当爹的教训不成器的儿子,揍一顿屁股那是情理之中,但谢迢毕竟是女儿身,那句“打臀”一出,当即被吓得面无人色。
她使出了吃奶的劲儿抱着谢岐的大腿求。
爹啊!你就是我亲爹!!
求你罢手吧!
她若不卑不亢坦然受罚,倒有几分君子该有的担当与骨气,偏生摆出这副没出息的怂样,哭得一把鼻涕一把泪。
谢岐气笑了。
男人无情睥她,嗓音彻底沉冷了下来,“撒手。”
他愈发铁了心要教训她一顿。
“……”
谢迢闭了闭眼。
她心里清楚,若是继续求,恐怕就不止是一顿打这么简单了。
只是……
这未免也太难以接受了。
先不说她心理年龄已经不小,谢岐在她眼里又不是亲爹,真按血脉关系算,也只不过是舅舅罢了,便是在男女有别上,她也接受不了被这般责罚。

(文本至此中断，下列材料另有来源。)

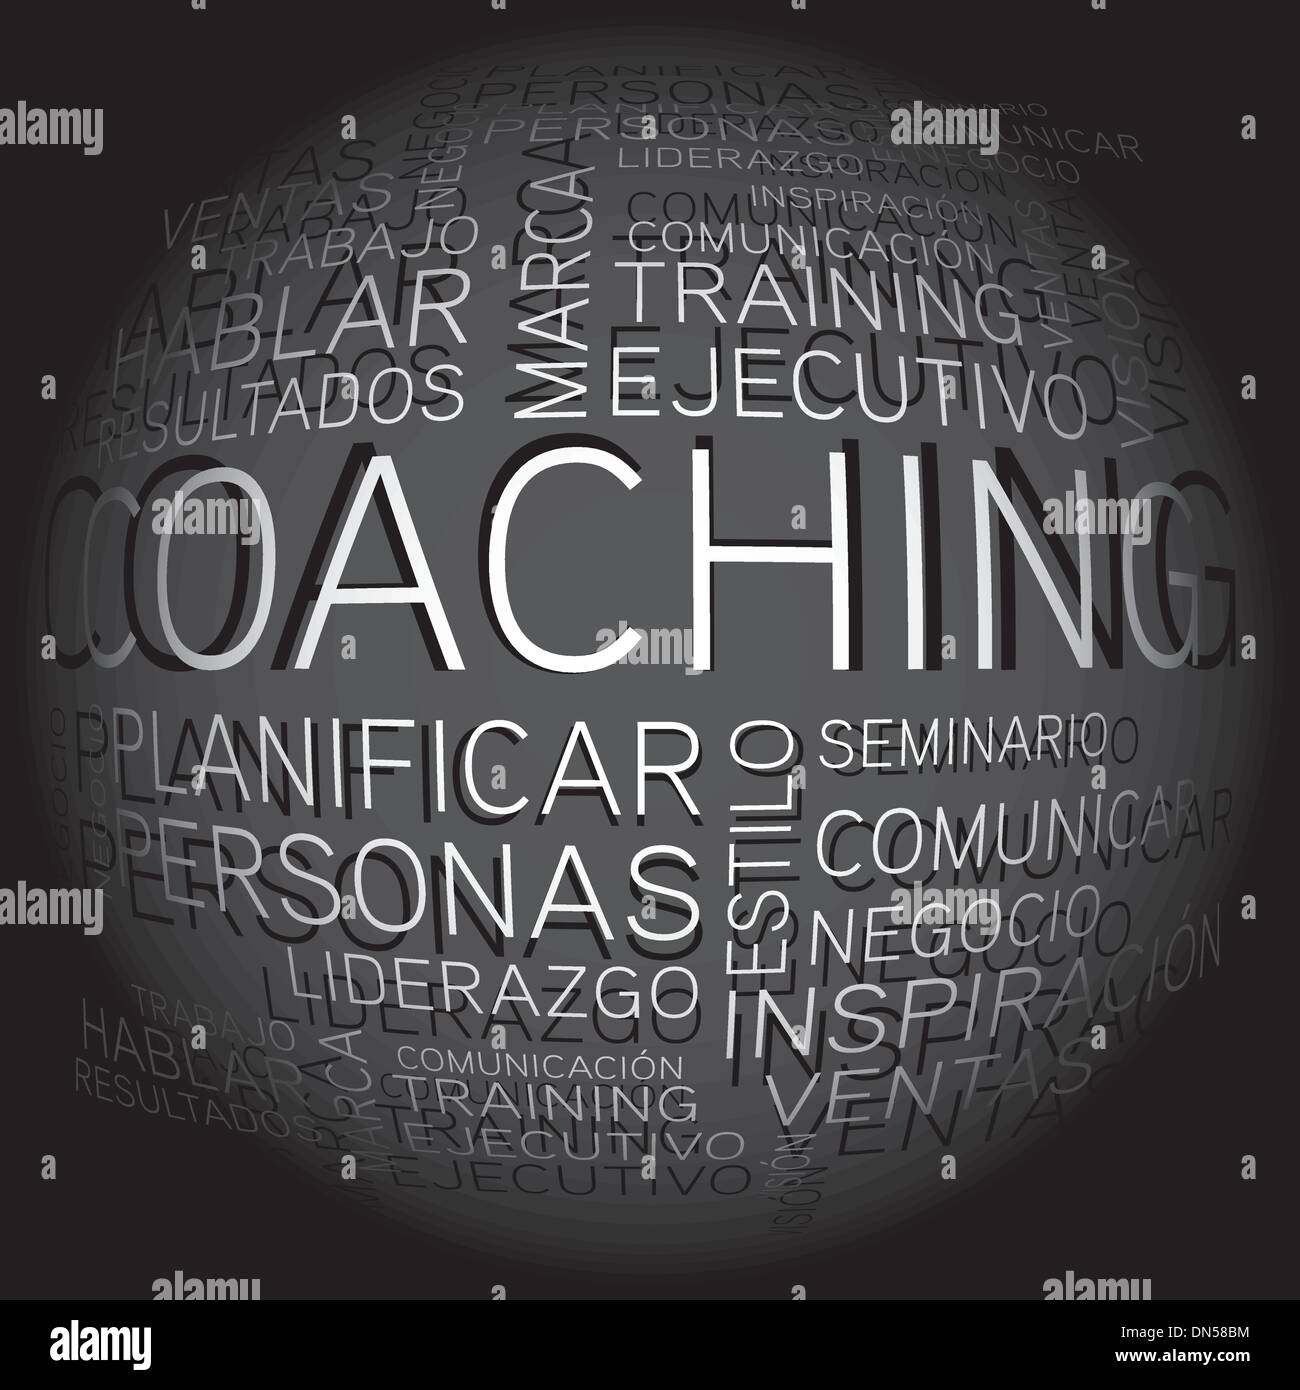 Coaching-Konzept Verwandte spanische Wörter im tag Stock Vektor

好在谢岐并没有让她皮开肉绽的意思,虽名为责臀,却并非传家法杖责,也没有勒令她脱裤子。
只是隔着衣物打。
谢迢在那道冰冷视线的注视下,绝望地深吸一口气。
她伏上了眼前的矮凳。
身后的一切都处于视线盲区,她闭着眼睛,尚未来得及酝酿情绪,便只听得一道戒尺破空袭来的声音,“啪”的一声,令她浑身一颤。
继而是第二下,第三下……
谢岐虽为文官,手却极稳,次次皆带着凌厉劲风刮过耳畔。
谢迢霎时冷汗顺着脸颊滑落,疼痛顺着臀蔓延出去,两只手死死地攥着凳面的边缘,指节泛白。
她牙关咬得死紧,一声不吭。
谢岐见她沉默受罚,不再哭天喊地,倒有些意外。
他面色稍霁,终于有了几分耐性与她仔细讲道理:“你可知今日错在何处?非在能力,而在态度怠慢。”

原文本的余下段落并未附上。